The present database consists of the full text of 8000 ethnographic and archaeological documents, represented as approximately 3 million paragraphs together with photographs, tables and other documentation. The content of each paragraph is augmented with topical codes assigned by our team of analysts against the specifications in the Outline of Cultural Materials, a thesaurus that HRAF continues to develop. The societies and cultures covered are normalized using the Outline of World Cultures, as these are given many different names in the original sources. The development strategy up to now has been to include societies documented in a good range of different sources over a period of time, so that both synchronic and diachronic analysis can be supported. Since the societies are selected on a criteria of data quality and quantity, and because societies are added and augmented annually, the collection as a whole does itself not constitute a statistical sample. However, the current collection currently includes subsamples (the Probability Sample Files and a Simple Random Sample) that can support statistical tests. And, in a few years we will have added all the Standard Cross-Cultural Sample societies (as of 2017 contains about 80% of that sample). While the present web based application currently used to access the database is many orders of magnitude faster and easier to use than previous versions, the methods of use and analysis it supports are pretty much identical to those of the early paper-based versions of the database. The main advantages relate to time consumed in retrieval and handling of results, but there is little that can be done with the results beyond storing and reading these, assessing, classifying, or coding for specific issues. Of course, the great reduction of time and difficulty in handling of results does mean more research and more ambitious research can be undertaken. However, in practice the original methods do not scale upwards well enough to realise the full benefits.

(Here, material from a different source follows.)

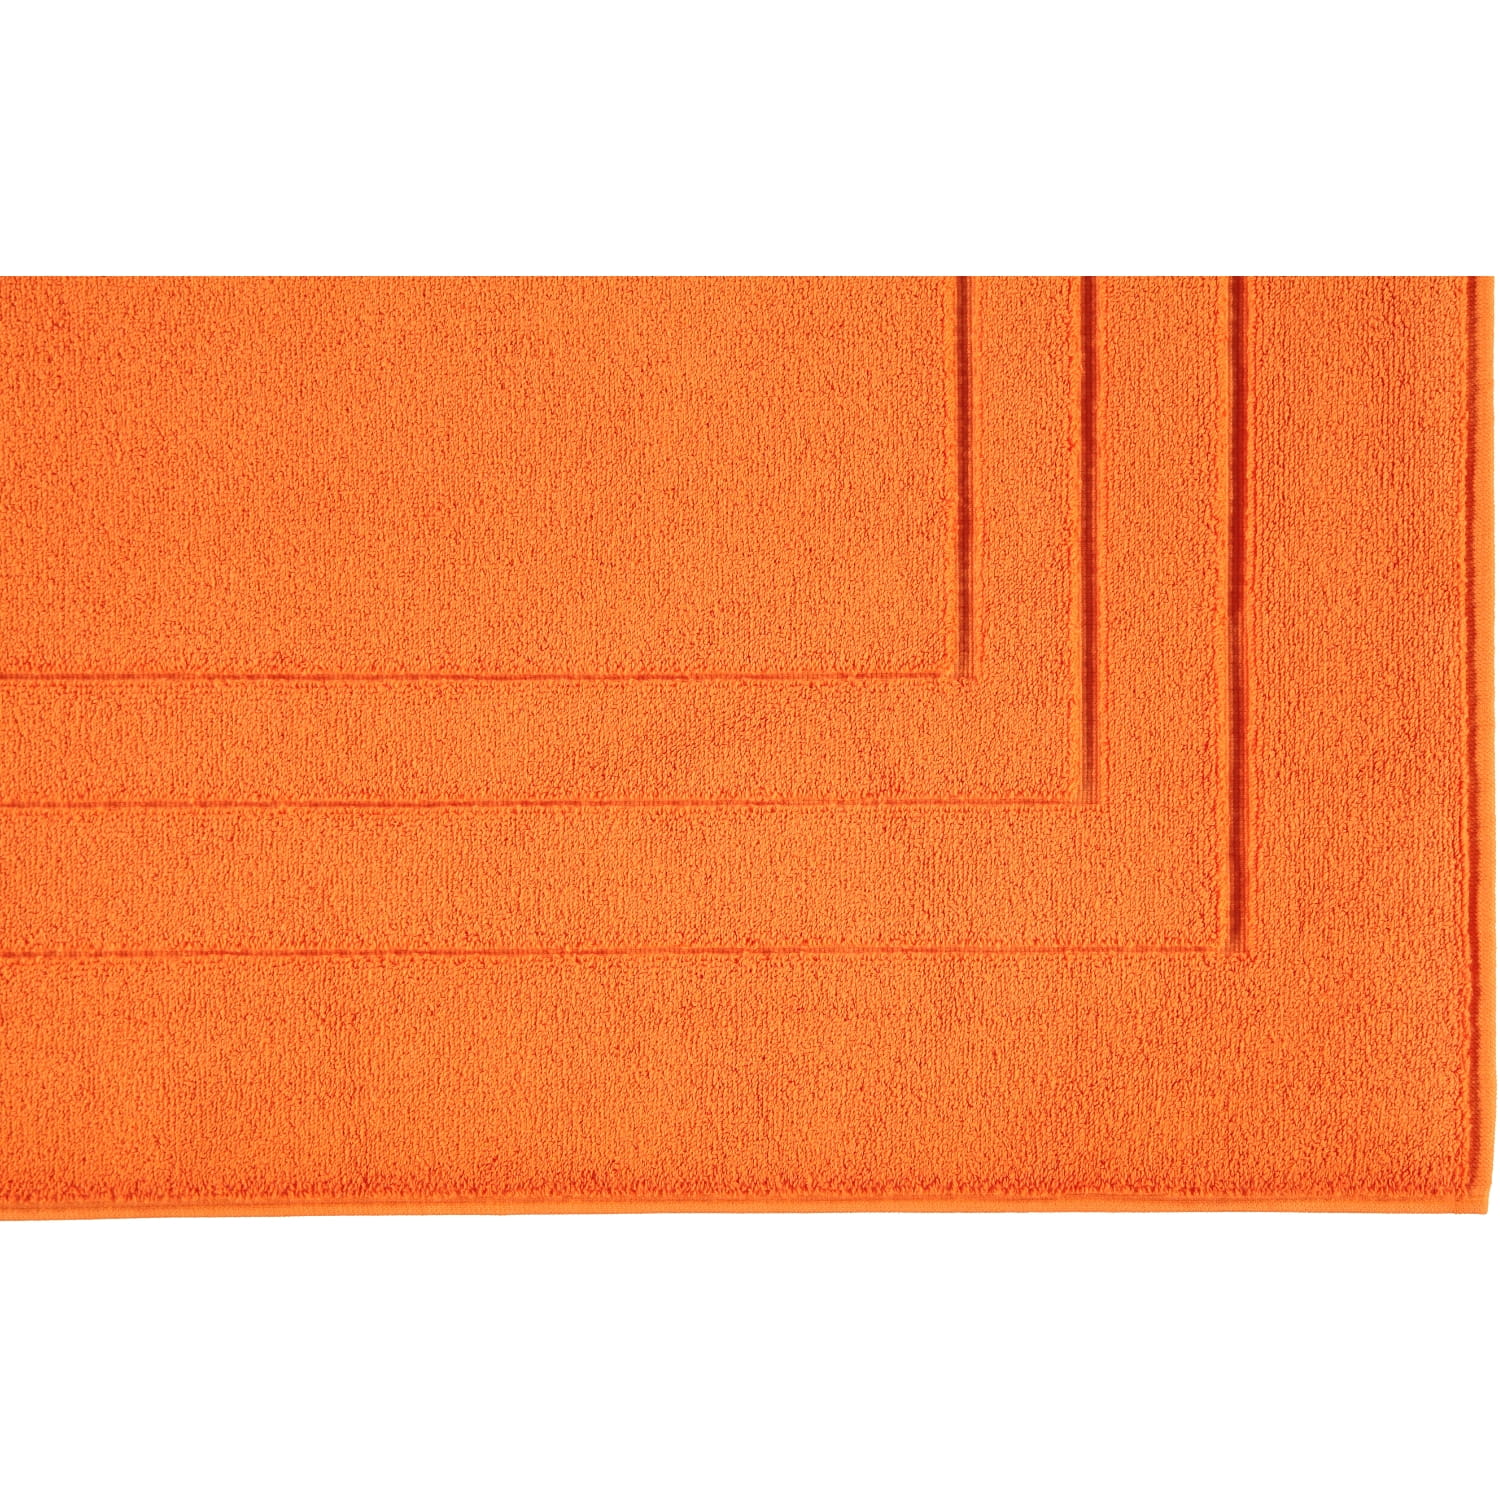 Badematte Vossen | | orange Feeling | Marken Farbe: Vossen 255 - Calypso Badematte Vossen -

On this basis membership has grown from an initial 5 member institutions to over 500, sufficient to support modest database development and maintenance on a self-funding basis. Over the past three years we have envisaged and specified a development path to expand research capacity using the database. We do not, however, have sufficient resources to develop the next generation of tools and enhance the database to support a much broader range of cross-cultural research at a time when many of the problems of globalization could be better addressed by more information about the past and present of the different parties involved.

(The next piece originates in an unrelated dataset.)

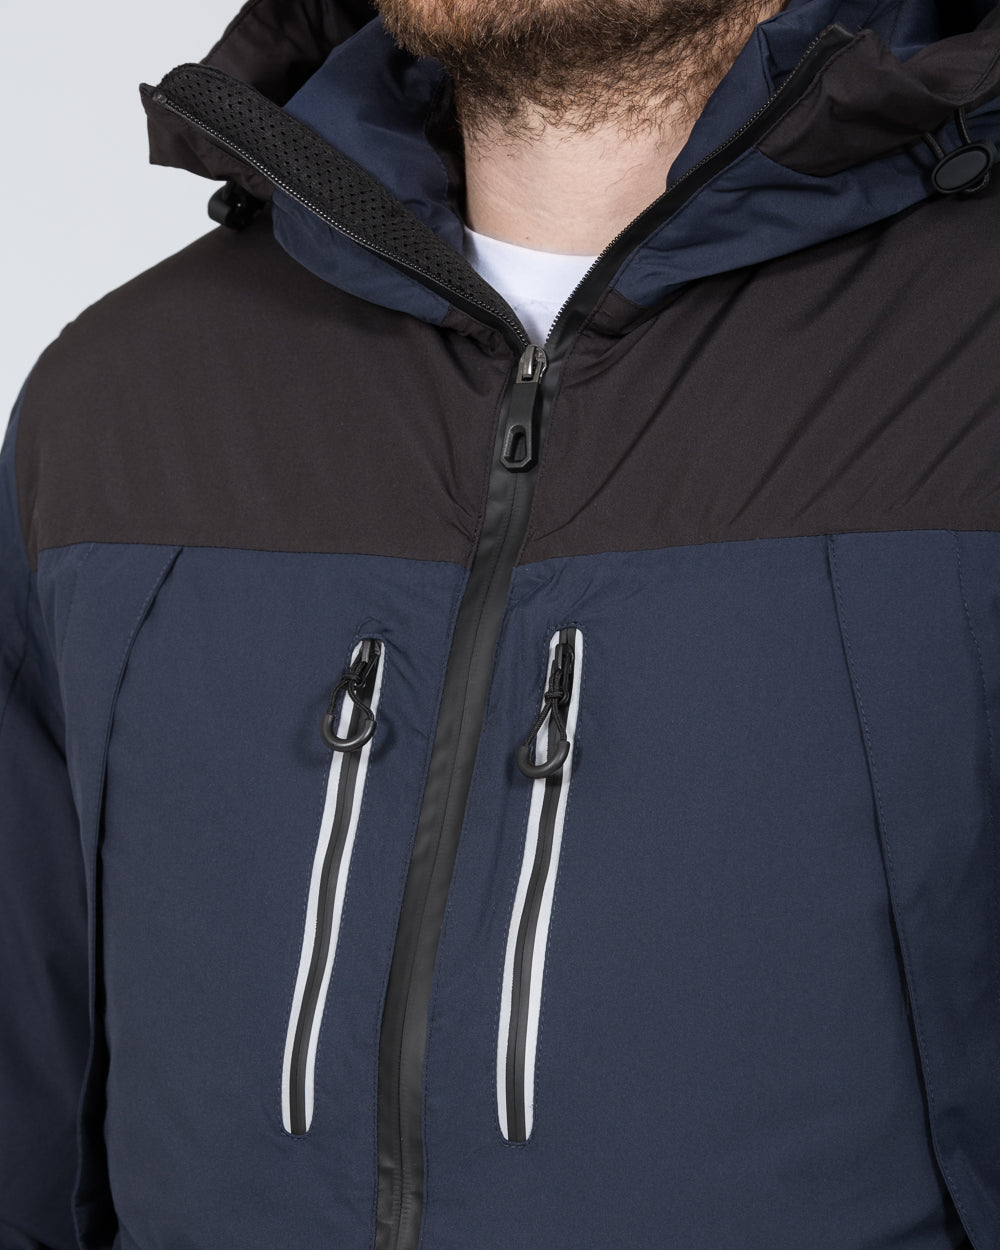 North 56 Tall Waterproof Ski Jacket (black/blue)

The HRAF files greatly facilitate qualitative and quantitative comparative research, especially compared to the time it would take to collect all the books, articles and manuscripts and then find relevant material, but the scale of the of data returned in typical search results is often problematic because we do not have methods that scale accordingly.
Although the size of the HRAF collection is not extraordinary with respect to some ‘big data’ datasets, just a few gigabytes, the structure is heterogeneous and complex and presently most of the relevant information to be used in research must be extracted from ordinary document text through reading and assessment for the intended research objectives.
The capacity to collect together relevant text fragments from multiple sources has greatly expanded the capability of researchers to do meaningful comparative cross-cultural research. However, a range of better search facilities and post-processing tools and methods for the returned text will expand researcher capacity, and thus make detailed comparative and cross-cultural research attractive to a wider range of researchers within and outside anthropology.
Expanding HRAF Research Services
HRAF’s IT team has already taken steps that move towards the outlined goals. The first step, currently underway, is to restructure the underlying XML data. Essentially, we are repurposing search and retrieval operations as a variety of services that are independent of any specific web application. In contrast, our present HRAF XML schema is oriented towards reproducing the original appearance of a publication, and has a very complex structure due to the heterogeneity of the 8000 or so sources we use, spanning over 100 years of ethnographic evolution. We plan to retain this structure for production and archival purposes, but to facilitate large scale search and retrieval services we are normalizing the structure to focus more on associating key metadata and pre-compiled statistics with each paragraph so that it can be more easily evaluated within a given search, and a broader range of search criteria used. In addition, we are working on a new application based on a services architecture framework, so that new features can more readily be added.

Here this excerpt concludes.